WLHH
- Ridgeland, South Carolina; United States;
- Broadcast area: Hilton Head Island metropolitan area
- Frequency: 104.9 MHz
- Branding: 104.9 The Surf

Programming
- Format: Classic hits

Ownership
- Owner: Saga Communications; (Saga South Communications, LLC);
- Sister stations: WOEZ; WVSC;

History
- First air date: 1988
- Former call signs: WXRY (1985–1988); WZBZ (1988–1990); WSHG (1990–1997); WGZR (1997–2003); WWVV (2003–2006); WWJN (2006–2010);
- Call sign meaning: We Love Hilton Head

Technical information
- Licensing authority: FCC
- Facility ID: 40705
- Class: C3
- ERP: 16,000 watts
- HAAT: 125 meters (410 ft)

Links
- Public license information: Public file; LMS;
- Webcast: Listen live
- Website: 1049thesurf.com

= WLHH =

Radio station in Ridgeland, South Carolina

WLHH (104.9 FM) is a commercial radio station licensed to Ridgeland, South Carolina, United States, and serving the Hilton Head Island metropolitan area. It has a classic hits format and is owned by Saga Communications. The studios are on Westbury Park Way in Bluffton.

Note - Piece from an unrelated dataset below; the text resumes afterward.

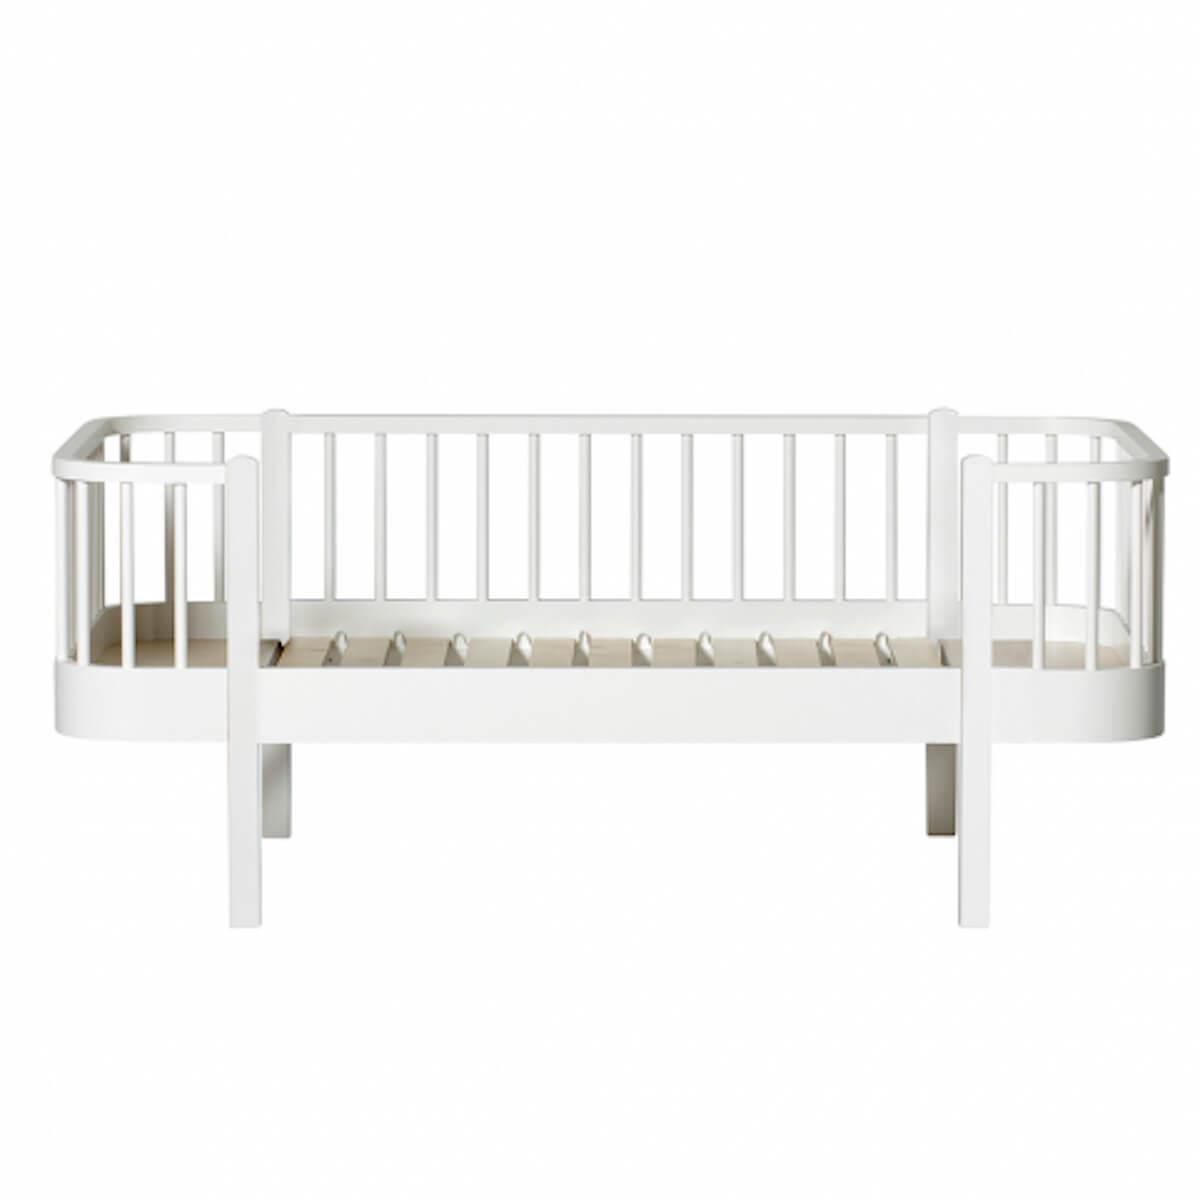 Cama-sofá evolutiva 90x160cm WOOD Oliver Furniture blanco

WLHH's transmitter is sited on Cherry Hill Road near Bridgetown Drive in Ridgeland.

==History==

===Oldies and Adult Alternative===
In 1985, the 104.9 frequency was assigned as a construction permit to Mattox-Guest Broadcasting. The call sign was WXRY-FM. The station signed on the air in 1988. Once it debuted, the call letters were WZBZ. It became an oldies station in 1990 as WSHG, known as "Shag FM". In 1997, Shag FM moved its format to what was then WHBZ (now WXST). The 104.9 frequency became the original home of WGZR "The Gator", a country music station.

In 2003, modern rock WWVV, at 106.9 FM, traded frequencies with the Gator. Upon the station swap, WWVV ("Wave 104.9"), flipped formats and was a modern-based Adult Album Alternative station. The station enjoyed a small yet loyal following in the Savannah and Hilton Head Island markets. Ratings were usually higher in Hilton Head due to some signal problems in Savannah.

===Triad Broadcasting===
WWVV was owned and operated by Triad Broadcasting. But locally it was known as "Adventure Radio," the name of the company that owned WWVV before Triad. Management at Triad did not want to scare off potential advertisers or listeners by announcing new station owners. WWVV and six other stations were bought by Triad in May 2000. In the Savannah/Hilton Head area, Triad also owns stations WFXH-FM (Rock 106.1), WGCO-FM (BIG 98.3), WUBB (Country 106.9), WXYY (Y-107.9), and WHHW (1130 The Island).

On June 15, 2006, Triad purchased WVSC (103.1 The Drive) from Zip Communications. Triad had been operating WGZO under a local marketing agreement (LMA) with Zip. In order to comply with FCC regulations, Triad decided to sell the company's lowest-powered radio station, WWVV-FM, to South Carolina-based Broomfield Broadcasting via the company's subsidiary, JB Broadcasting.

===John FM and The Surf===
On November 21, 2006, the station began playing Christmas music as "104.9 John FM". It used a new call sign, WWJN-FM. A recorded male voice could be heard between songs stating "104.9 is John FM. John tells us what to play. Right now John wants to hear Christmas music so that's what we're playing. 104.9 John FM". JB Broadcasting sold the station to Low Country Radio LLC in January 2010. With the sale, John FM ended its Christmas music on January 25.

Until the new station signed on the air on the 27th, the station stunted by broadcasting the sound of waves hitting the beach. JB Broadcasting's sale of the station closed on March 15, 2010. The station changed its call sign to WLHH (We Love Hilton Head) on March 16, 2010. On that date, it shifted the format to classic hits, calling itself "104.9 The Surf."

In 2014, the station was sold again, this time to Apex Broadcasting, Inc. The purchase price was $682,500. The transaction was consummated on May 30, 2014. In early 2017, Apex Broadcasting sold their radio stations in Charleston and Hilton Head to Saga Communications for $23 million. The transaction was consummated on September 1, 2017.